The scary middle is when you’re dealing with coworkers who don’t care about anything other than closing tickets and collecting credit. With enough of a token budget you can now wrap loops around an LLM and have it try things until the program appears to work. Ask it to do a code review and then submit the PR without having understood what it was doing. There are a lot of workplaces where there isn’t a good mechanism to push back on this and the tech debt just keeps growing.
These "You're right to push back" scenarios are scary for me. I mostly code ML implementations, and some of the errors Claude Code (CC - have only used Opus 4.7) makes are very sneaky, and if you don't have sufficient experience in the area (I see this with people entering ML and writing their implementations with CC), you wouldn't know when to question CC and will let errors or future pitfalls silently slip into your code. A recent example was when there was data leakage in a model calibration step, which it refused to see as an error, till I wrote a detailed reason, and then it agreed that there was a "subtle leakage".
All Claude models are huge suck ups. The "you're absolutely right" meme is real even if that exact phrase doesn't show up as much anymore.
I don't want to start a fight or anything but IME Codex has a bit more of a spine. If you point out something weird, it sometimes gives a good reason for it. Whereas Claude will always say "whoopsie you're right as always sir" even when it's me who missed something.
I only use free AI chats to help me with my learning, but often I direct its responses neutral and to refrain from providing any encouraging language, or value judgements. It tends to get rid of these 'you're absolutely right' comments when I point out a mistake.
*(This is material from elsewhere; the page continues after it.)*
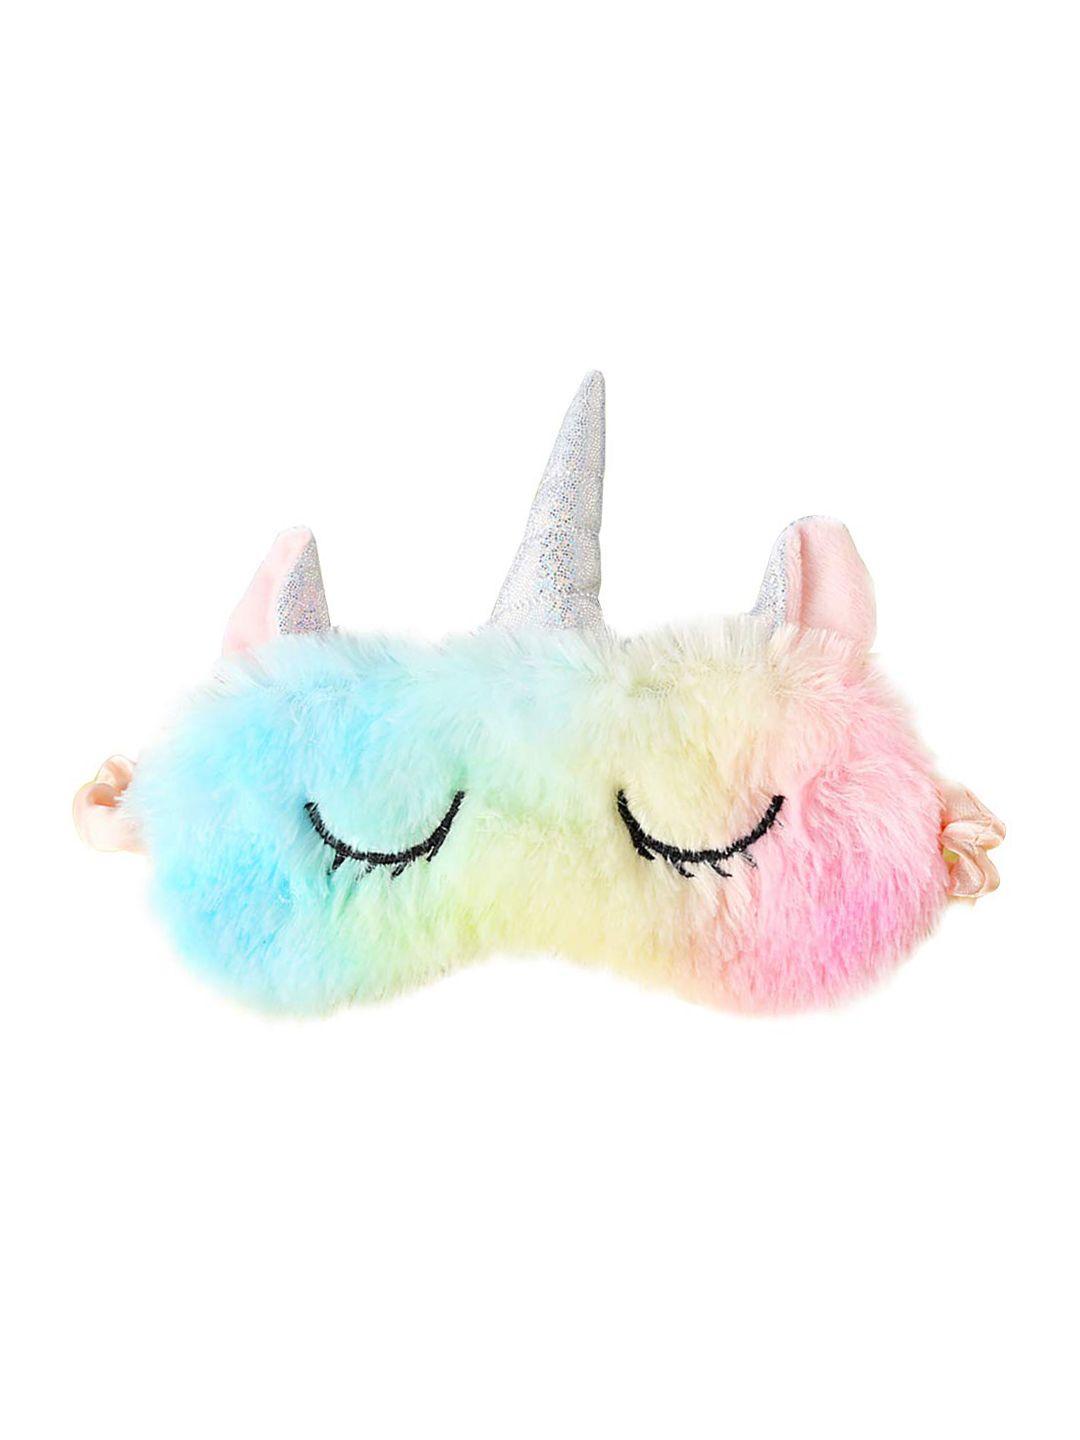 skylofts unisex kids multi-colored unicorn eye masks
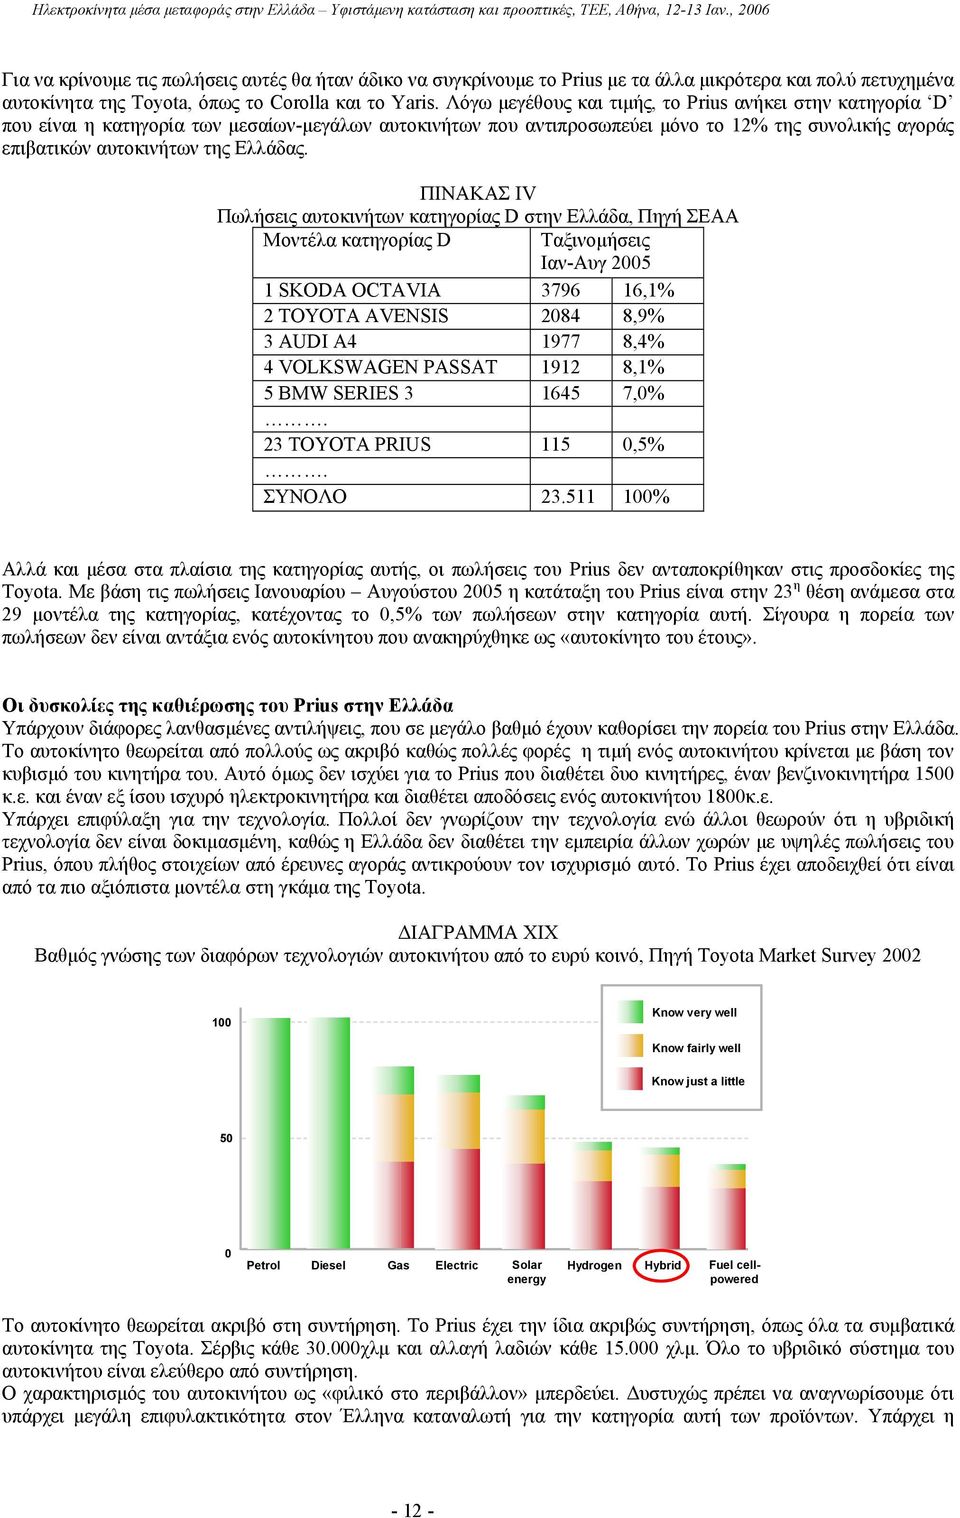 ΠΙΝΑΚΑΣ IV Πωλήσεις αυτοκινήτων κατηγορίας D στην Ελλάδα, Πηγή ΣΕΑΑ Μοντέλα κατηγορίας D Ταξινοµήσεις Ιαν-Αυγ 2005 1 SKODA OCTAVIA 3796 16,1% 2 TOYOTA AVENSIS 2084 8,9% 3 AUDI A4 1977 8,4% 4

But your comment just made me think whether this tendency for LLMs to resort to flattery when found out is a built in strategy to distract the user from the error prone fragility of much of the output? It's perhaps a stretch to think these canned responses were put in strategically, but the result is that the user's attention may be deflected to contemplating their own superior knowledge and insight, and bask in the glory of all that, but then forgot to appreciate that 'Hey, chatLLM is just making all this stuff up/doesn't know which way is up/or down!'
In fairness, you could throw the most senior engineer into a brand new codebase, and they would probably make a dozen mistakes if you immediately had them pick up invasive and risky work.
> There are a lot of workplaces where there isn’t a good mechanism to push back on this and the tech debt just keeps growing.
If the "big ball of spaghetti" theory holds, where software companies who can't manage the debt stumble over themselves as they continue to add to the big ball of spaghetti code, I guess we'll see a row of companies declaring "software bankruptcy" or something in some/many months, depending on how well these workspaces learn to care slightly more and get better at pushing back against slop.
Coding agents have been better than the average "enterprise" programmer for a while now and nobody wants to admit it or talk about it. I have never seen an agent output an implementation called FooImpl that's tens of thousands of LOC in a single file, but I have seen plenty of human code like this.
People call coding agents bad because they don't know the asinine meaningless conventions at their particular company while they themselves write awful abstractions and brittle tightly coupled systems, but hey, at least they know how to write a for loop how their particular company likes.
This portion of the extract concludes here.